▸ **Task goal**
Your reply should be the whole listing, copied exactly, with the pictures left out.

▸ **Raw data**
- Opening Delimiter -
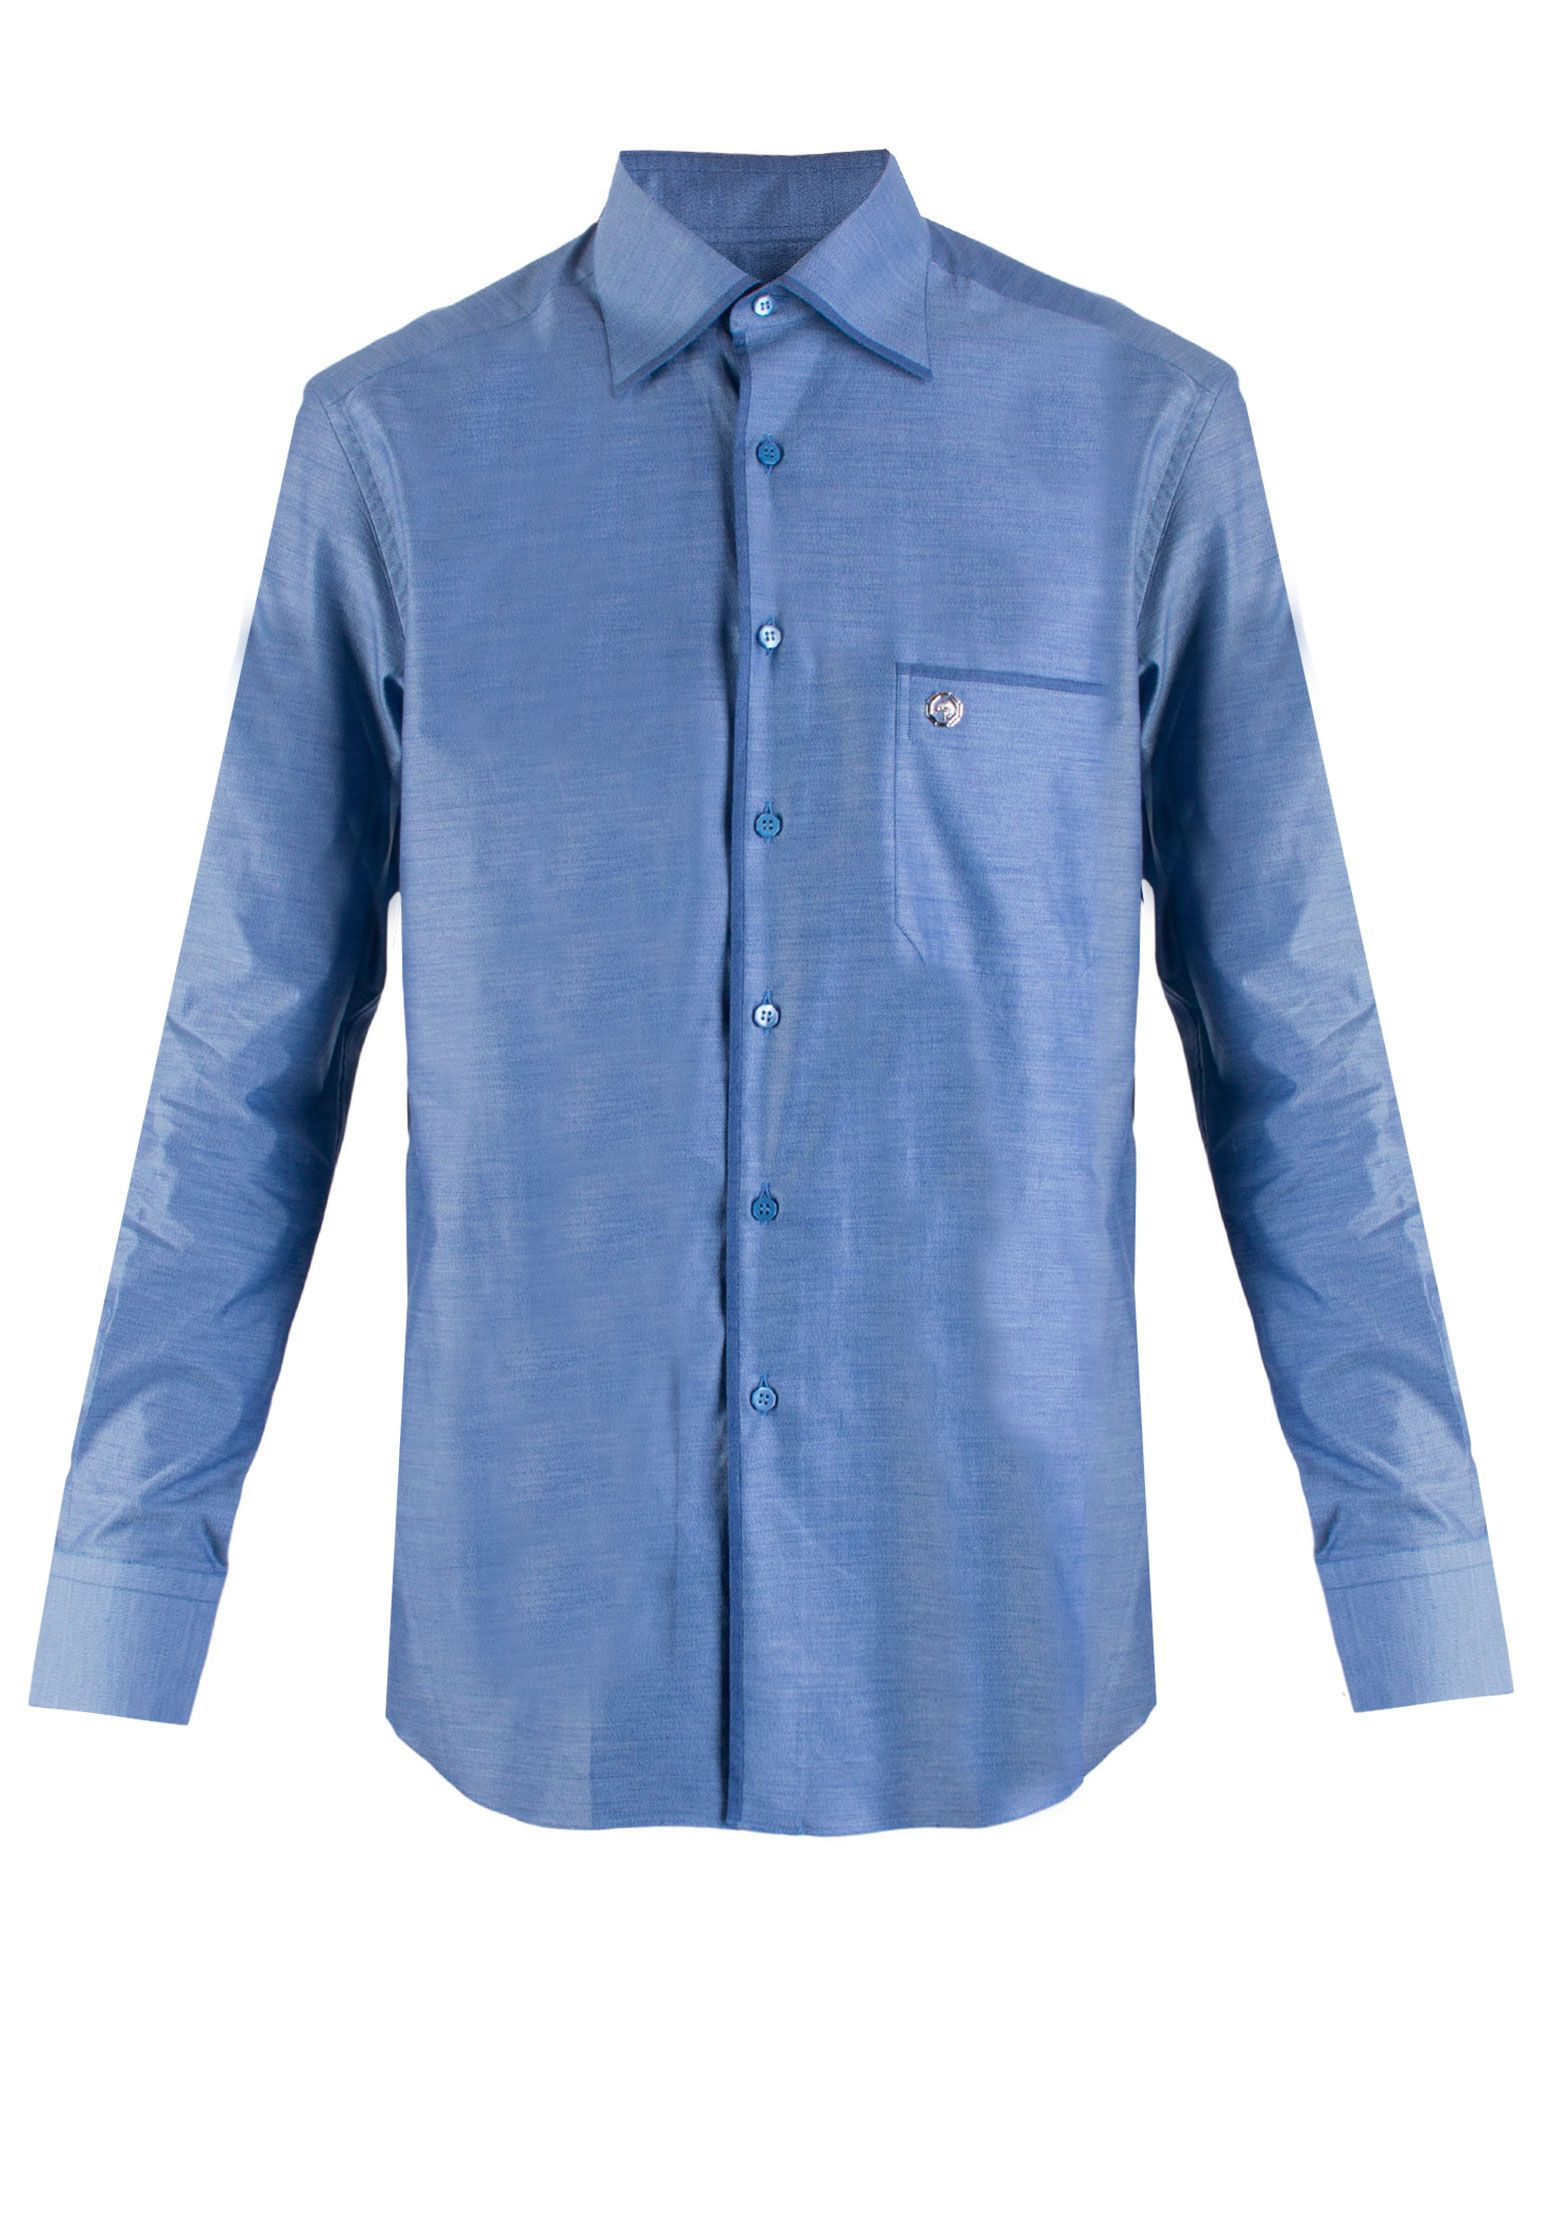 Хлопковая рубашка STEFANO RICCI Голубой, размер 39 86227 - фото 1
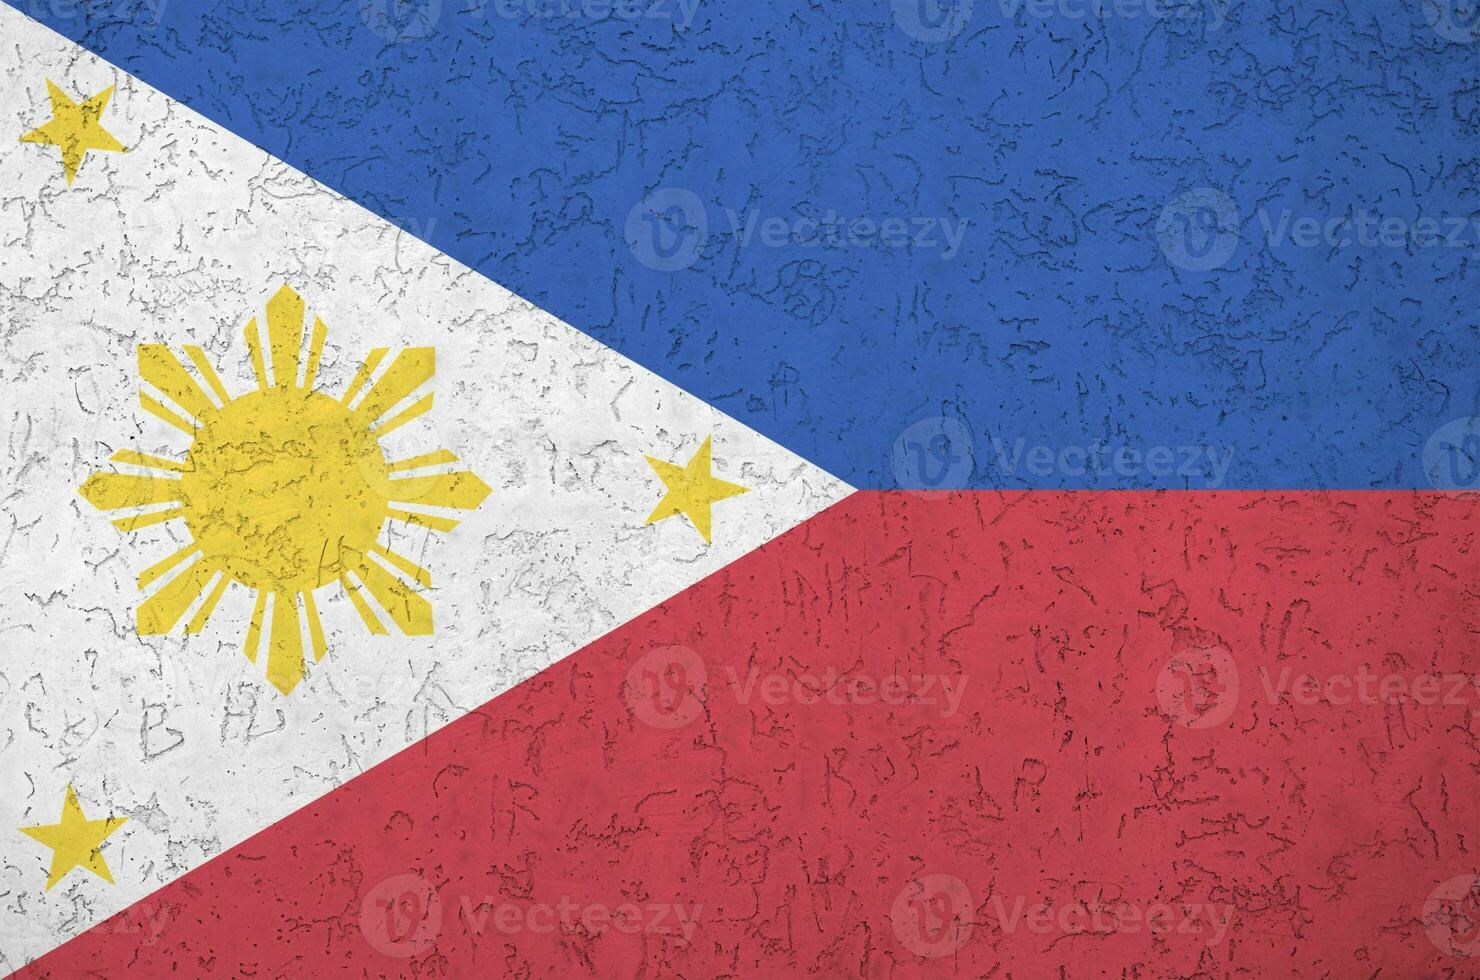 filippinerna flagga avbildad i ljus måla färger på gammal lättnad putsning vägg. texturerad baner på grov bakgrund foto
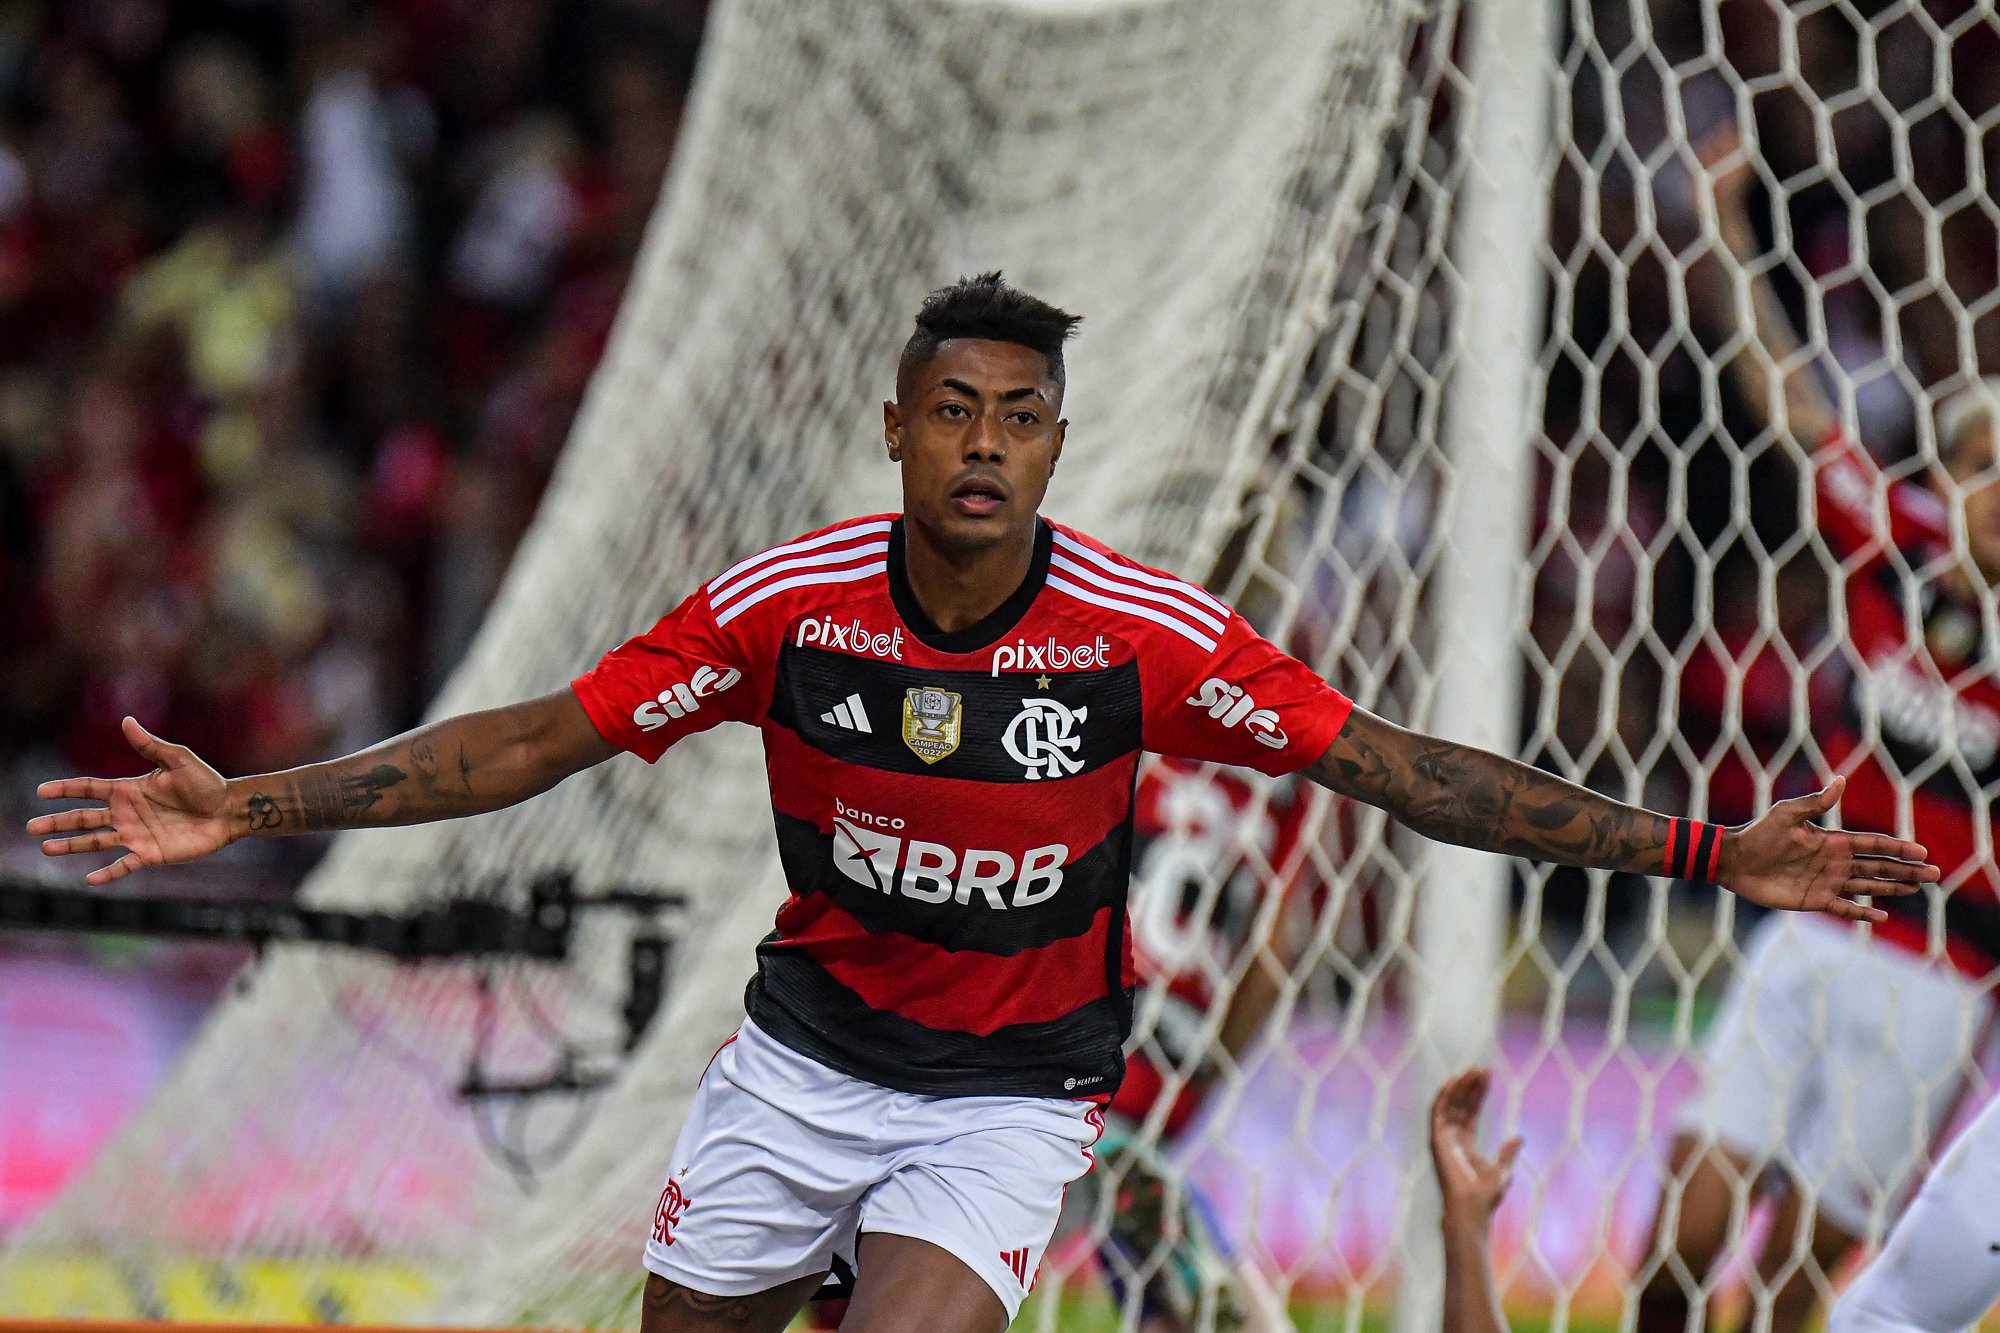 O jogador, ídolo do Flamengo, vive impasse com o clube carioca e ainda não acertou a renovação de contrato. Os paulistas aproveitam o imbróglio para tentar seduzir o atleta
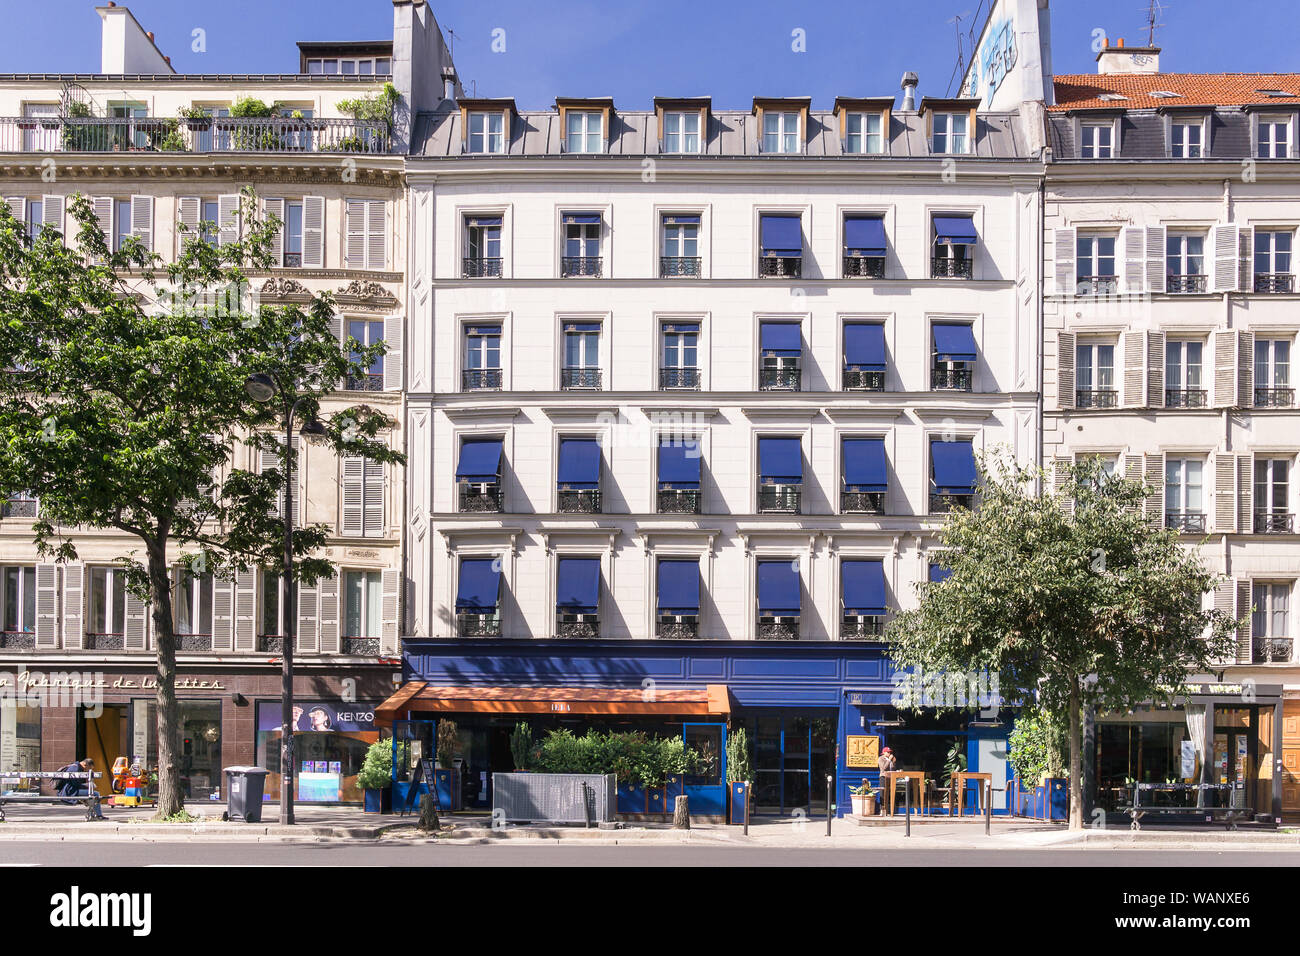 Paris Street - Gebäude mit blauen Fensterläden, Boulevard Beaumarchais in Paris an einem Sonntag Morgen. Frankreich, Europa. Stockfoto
- Closing Delimiter -
▸ **Result**
 Хлопковая рубашка STEFANO RICCI Голубой, размер 39 86227 - фото 1
 filippinerna flagga avbildad i ljus måla färger på gammal lättnad putsning vägg. texturerad baner på grov bakgrund foto
 O jogador, ídolo do Flamengo, vive impasse com o clube carioca e ainda não acertou a renovação de contrato. Os paulistas aproveitam o imbróglio para tentar seduzir o atleta
 Paris Street - Gebäude mit blauen Fensterläden, Boulevard Beaumarchais in Paris an einem Sonntag Morgen. Frankreich, Europa. Stockfoto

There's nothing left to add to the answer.